In tutti questi atti è ravvisabile in parte quello che potremmo definire un disimpegno morale e un’incapacità di relazionarsi con l’altro.
Rispettare le regole significa attuare un processo di interiorizzazione che porta anche all’evoluzione delle regole stesse, ma in un quadro condiviso e non in un Far West di sopraffazioni e soprusi nei confronti degli altri.
Un continuo consumismo emozionale allontana molti ragazzi dalla vita di tutti i giorni, perché si rifugiano in dimensioni parallele. Basti pensare al Metaverso e a quanta violenza si manifesta anche all’interno di questo universo virtuale.
Papa Francesco ha incontrato oltre 12mila giovani al Papp Laszlo Budapest Sportarena e ha detto loro: “È importante che ci sia qualcuno che ascolti le vostre domande e che vi aiuti a sfidare senza paura l’avventura della vita in cerca di risposte grandi.

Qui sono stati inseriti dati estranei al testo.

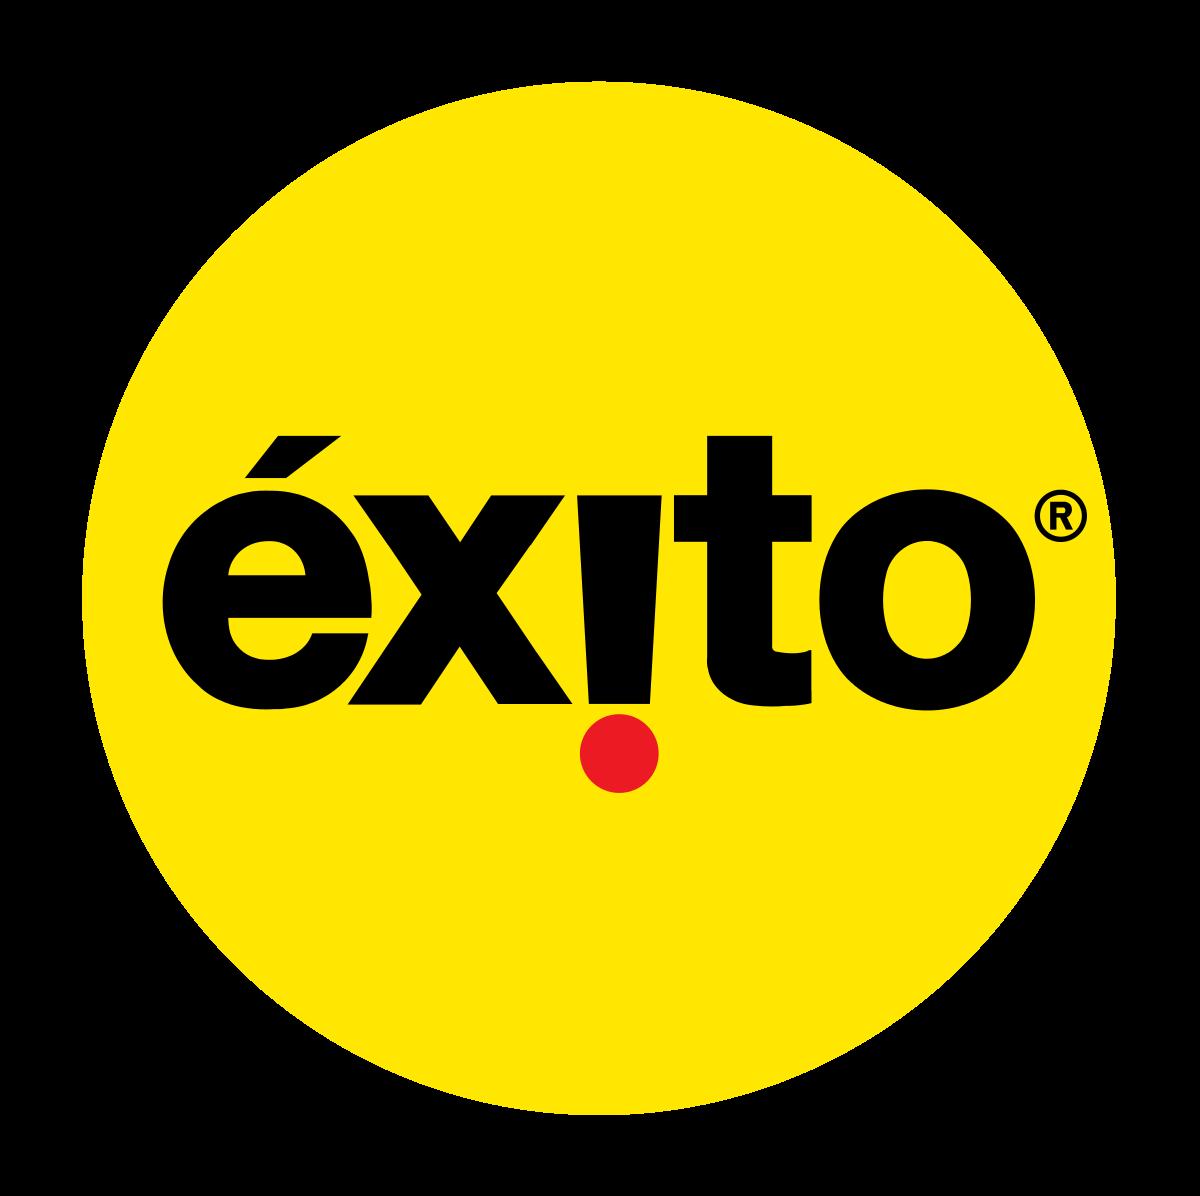 Logo Exito River Cheese

Il silenzio non è per incollarsi ai cellulari e ai social. No, per favore. La vita è reale, non virtuale, non avviene su uno schermo, ma nel mondo. Per favore, non virtualizzare la vita. Lo ripeto: non virtualizzare la vita che è concreta”.
Parole forti, quelle del Papa, su cui dovremmo riflettere. Noi adulti dovremmo non comportarci da “adultescenti” (adulti che fanno gli adolescenti, immaturi e poco propensi a svolgere il loro ruolo da educatori e non da amici) per costruire “ponti” con le nuove generazioni. Non possiamo aspettare che la cronaca ci presenti altri eventi drammatici, ma dobbiamo essere in grado di aiutare gli uomini e le donne di domani a comprendere il valore del dialogo, della condivisione e del rispetto della propria e altrui vita.